» Given information
-- Opening Marker --

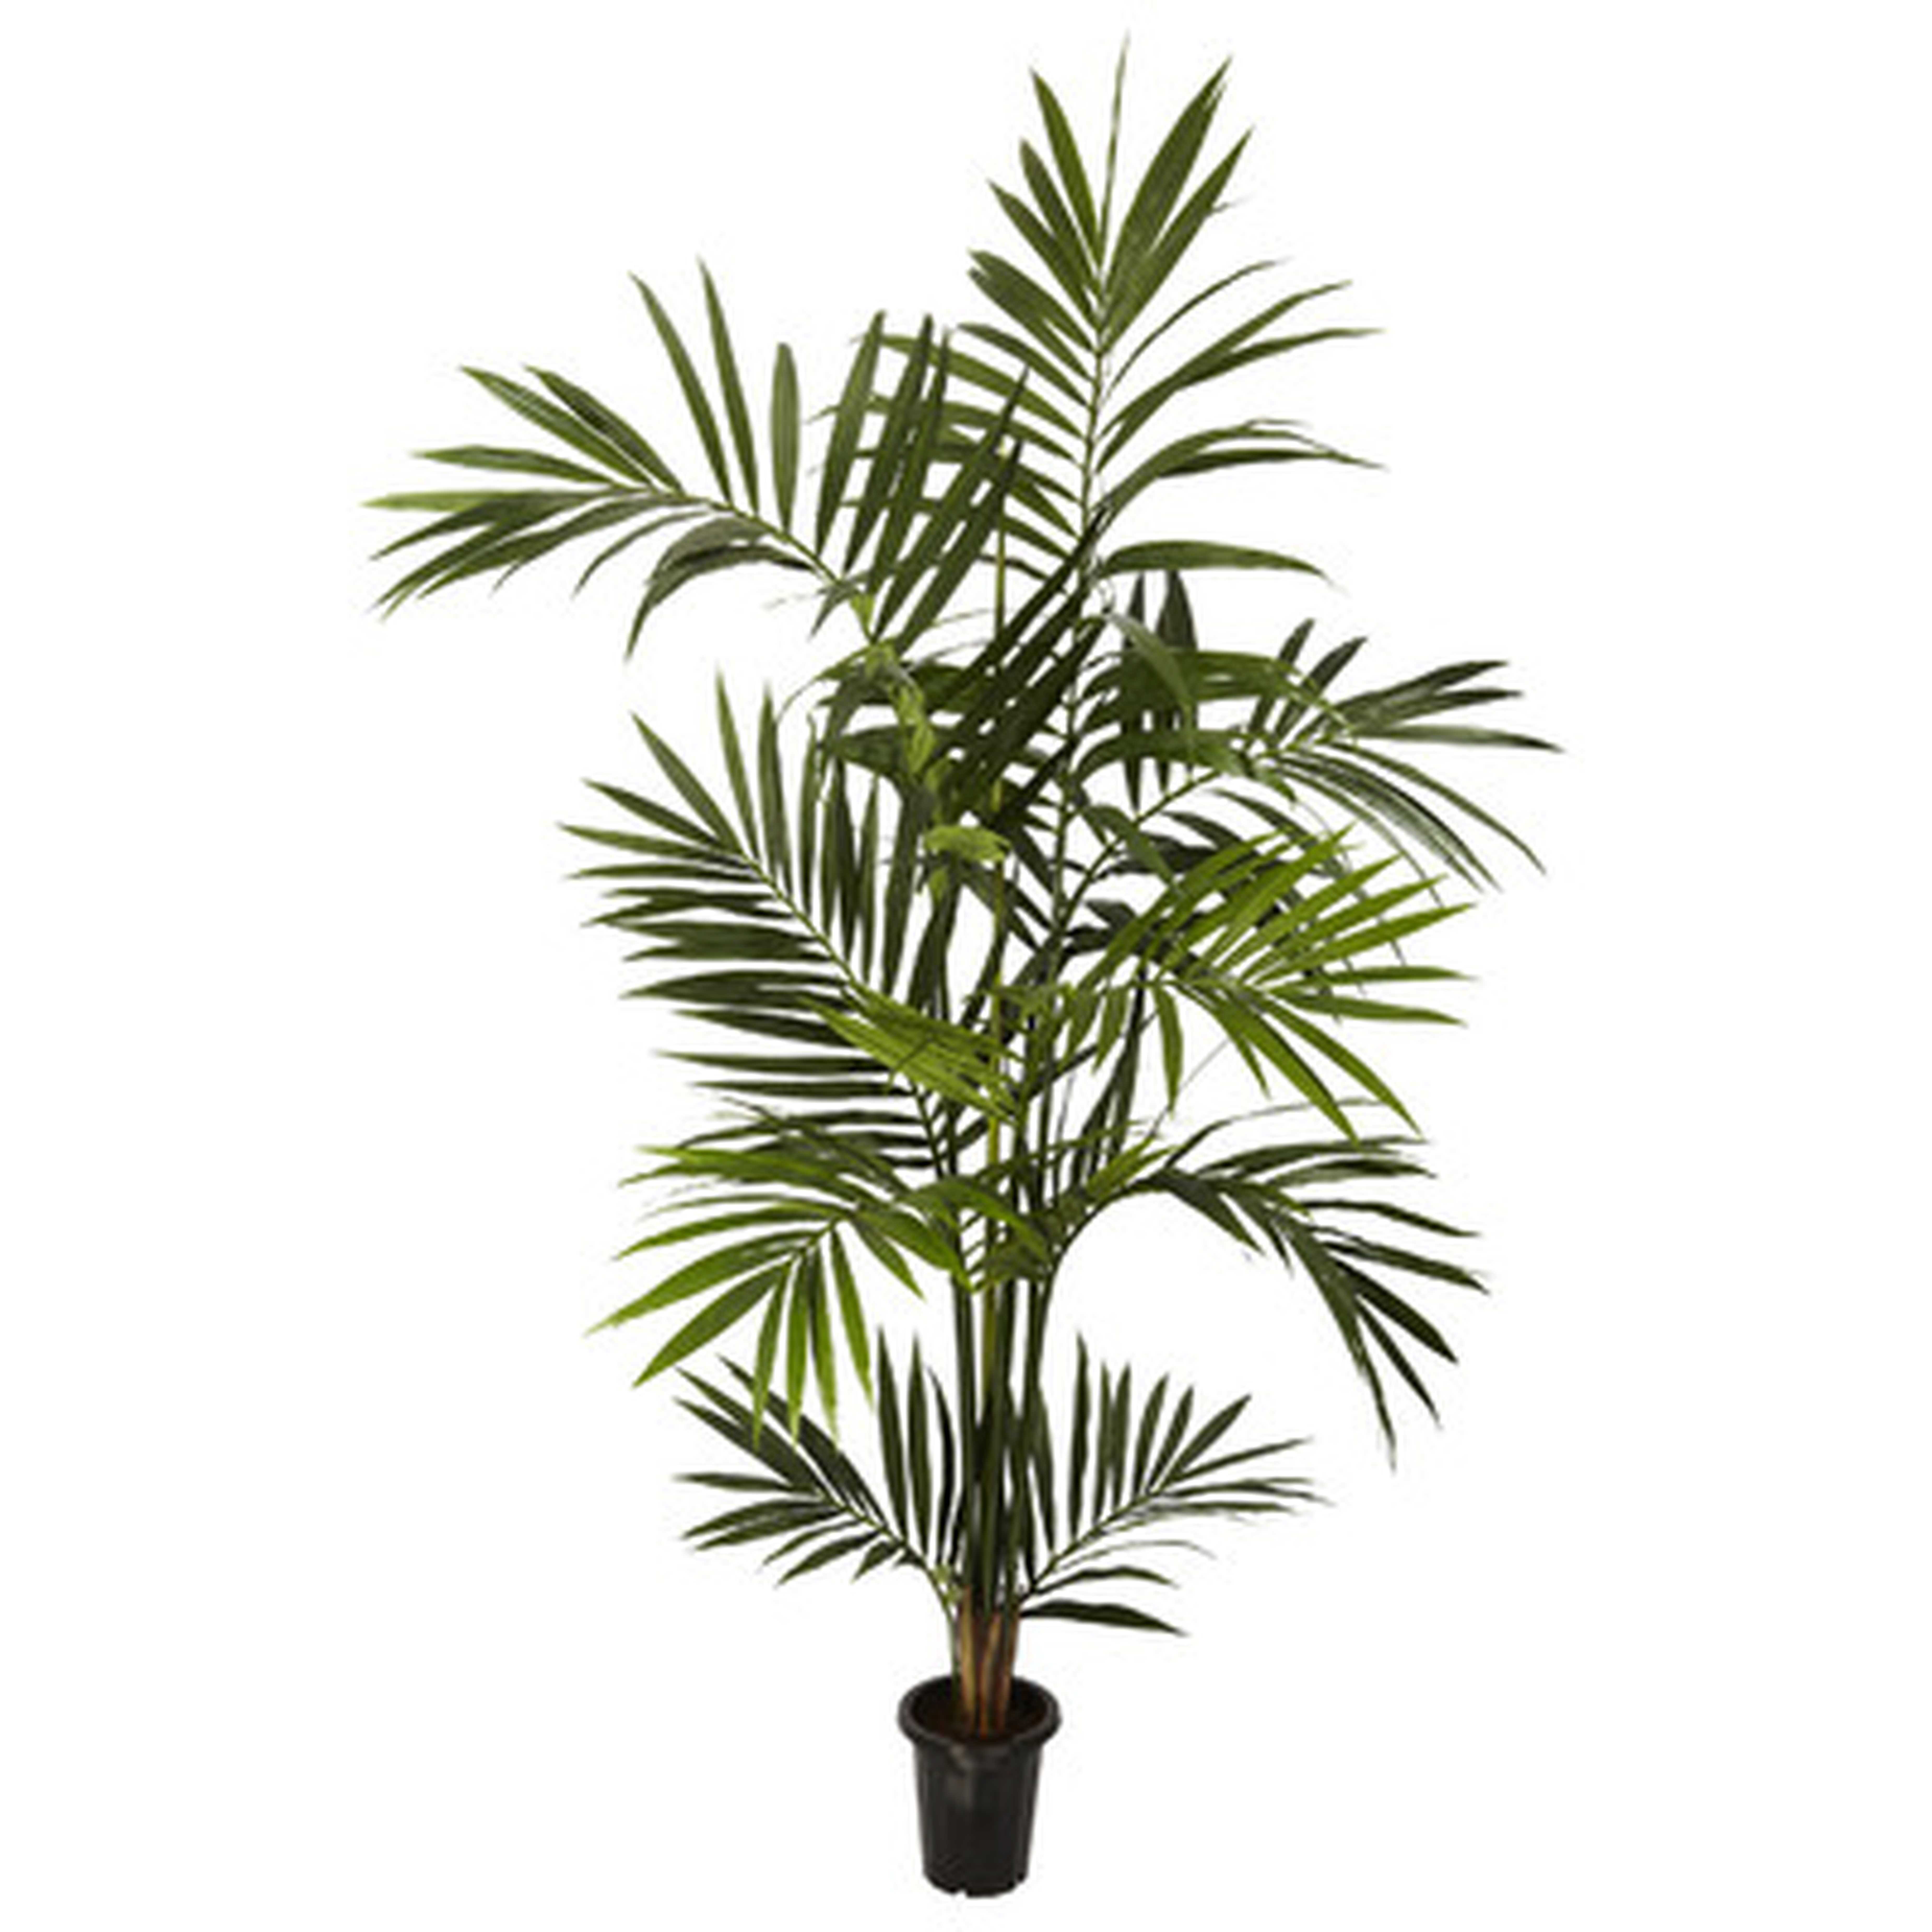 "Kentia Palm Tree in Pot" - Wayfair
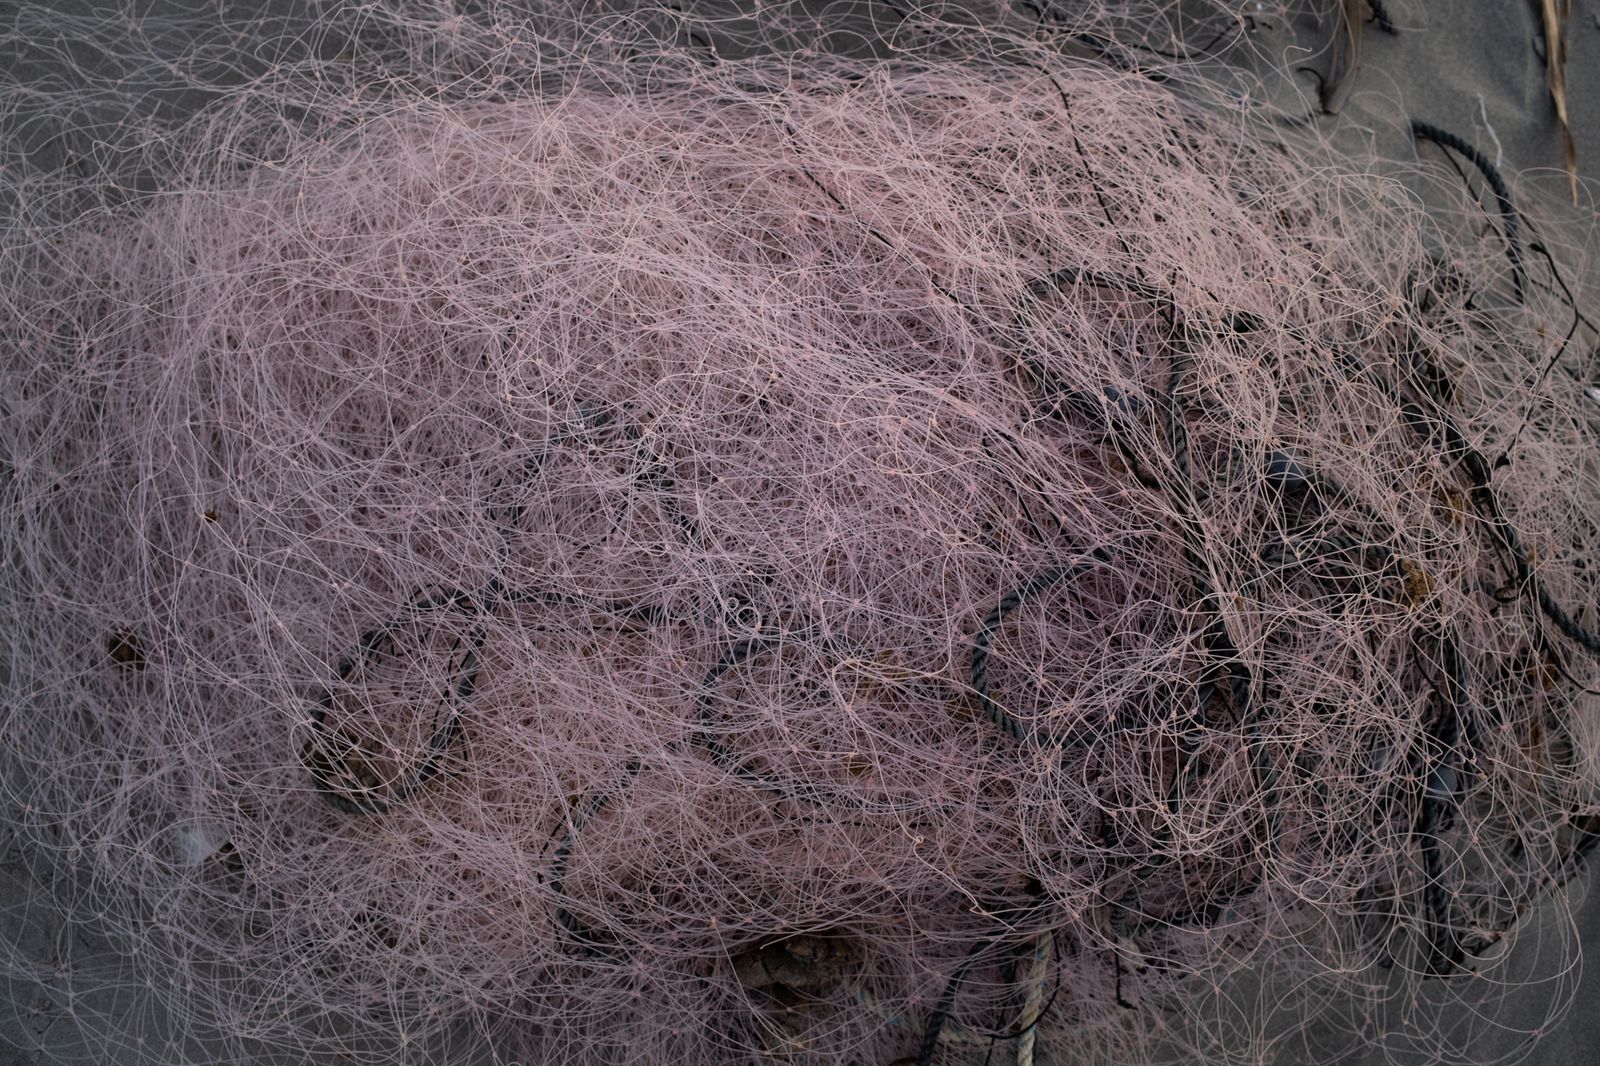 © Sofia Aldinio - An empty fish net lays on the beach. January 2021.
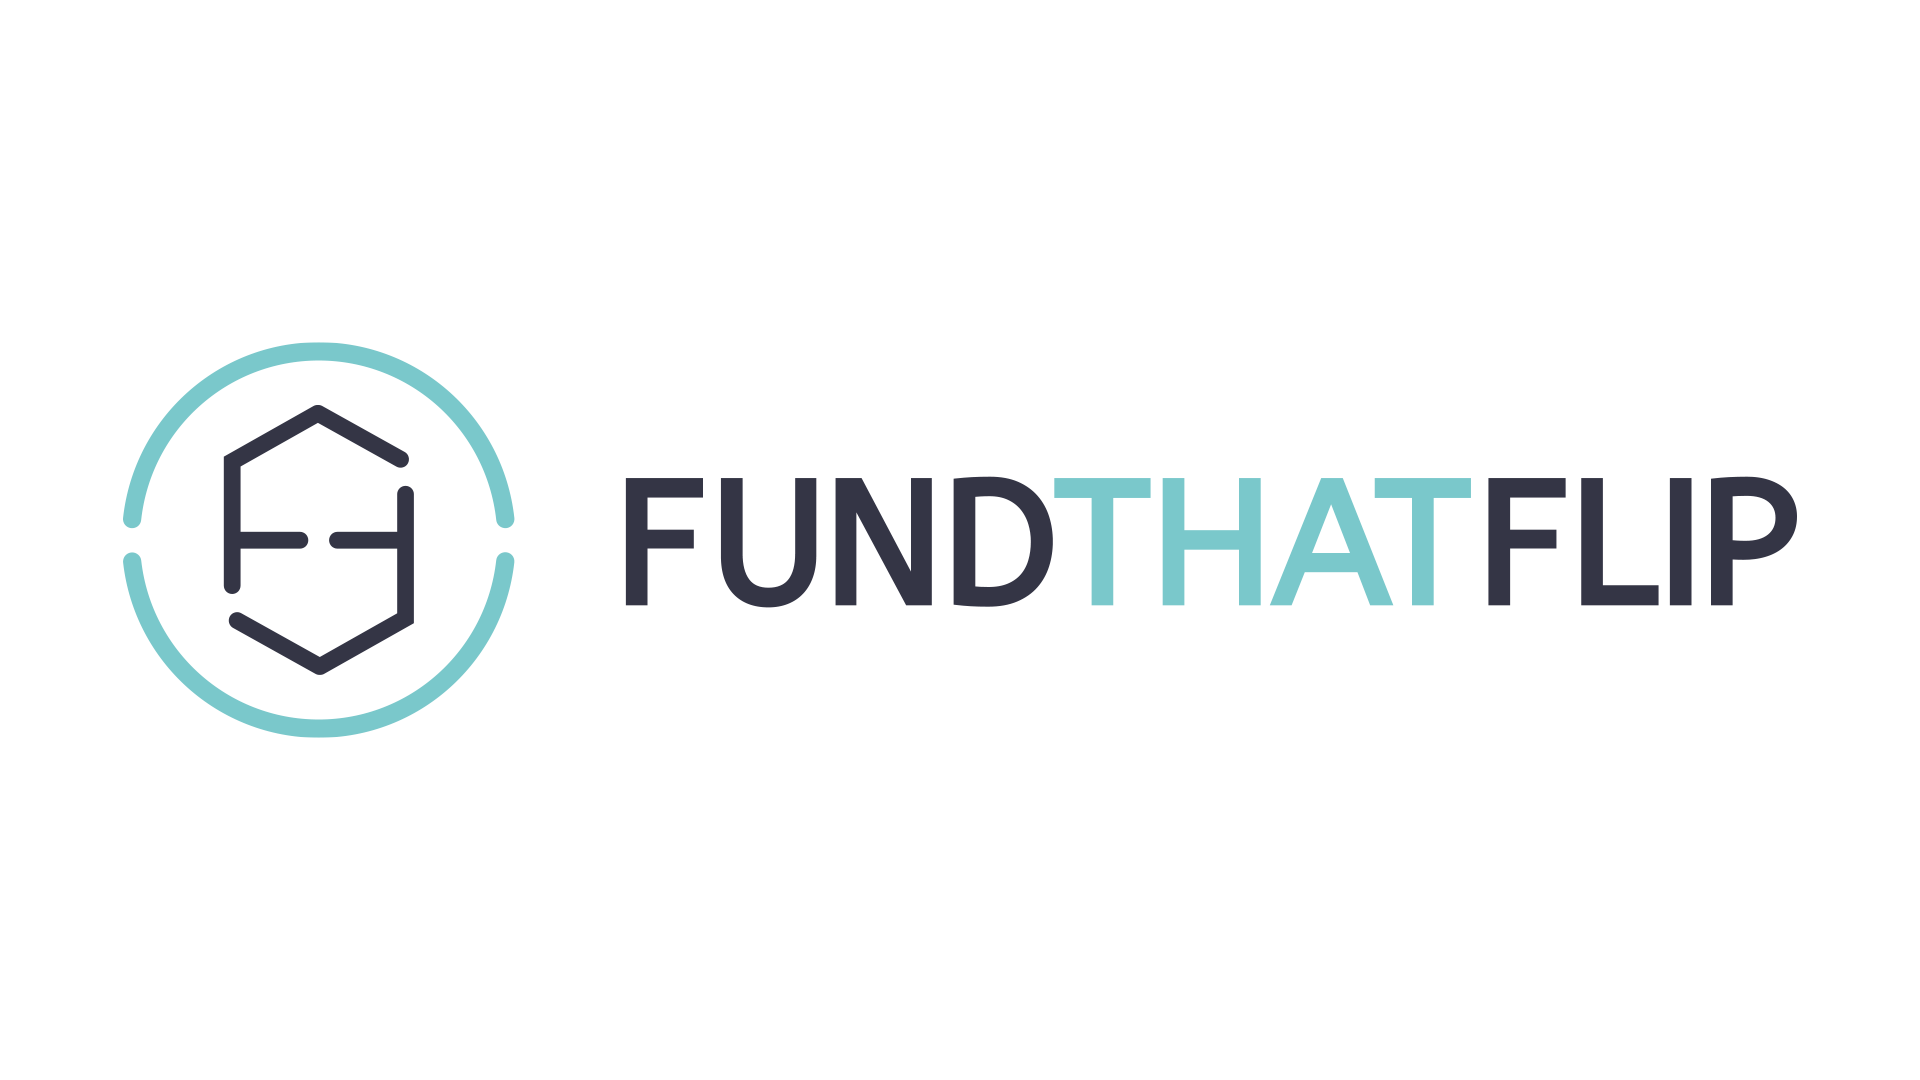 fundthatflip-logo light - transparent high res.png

-- Closing Marker --

» Problem description
Everything in the material except the pictures should be output verbatim.

» The completed task
 "Kentia Palm Tree in Pot" - Wayfair
 © Sofia Aldinio - An empty fish net lays on the beach. January 2021.
 fundthatflip-logo light - transparent high res.png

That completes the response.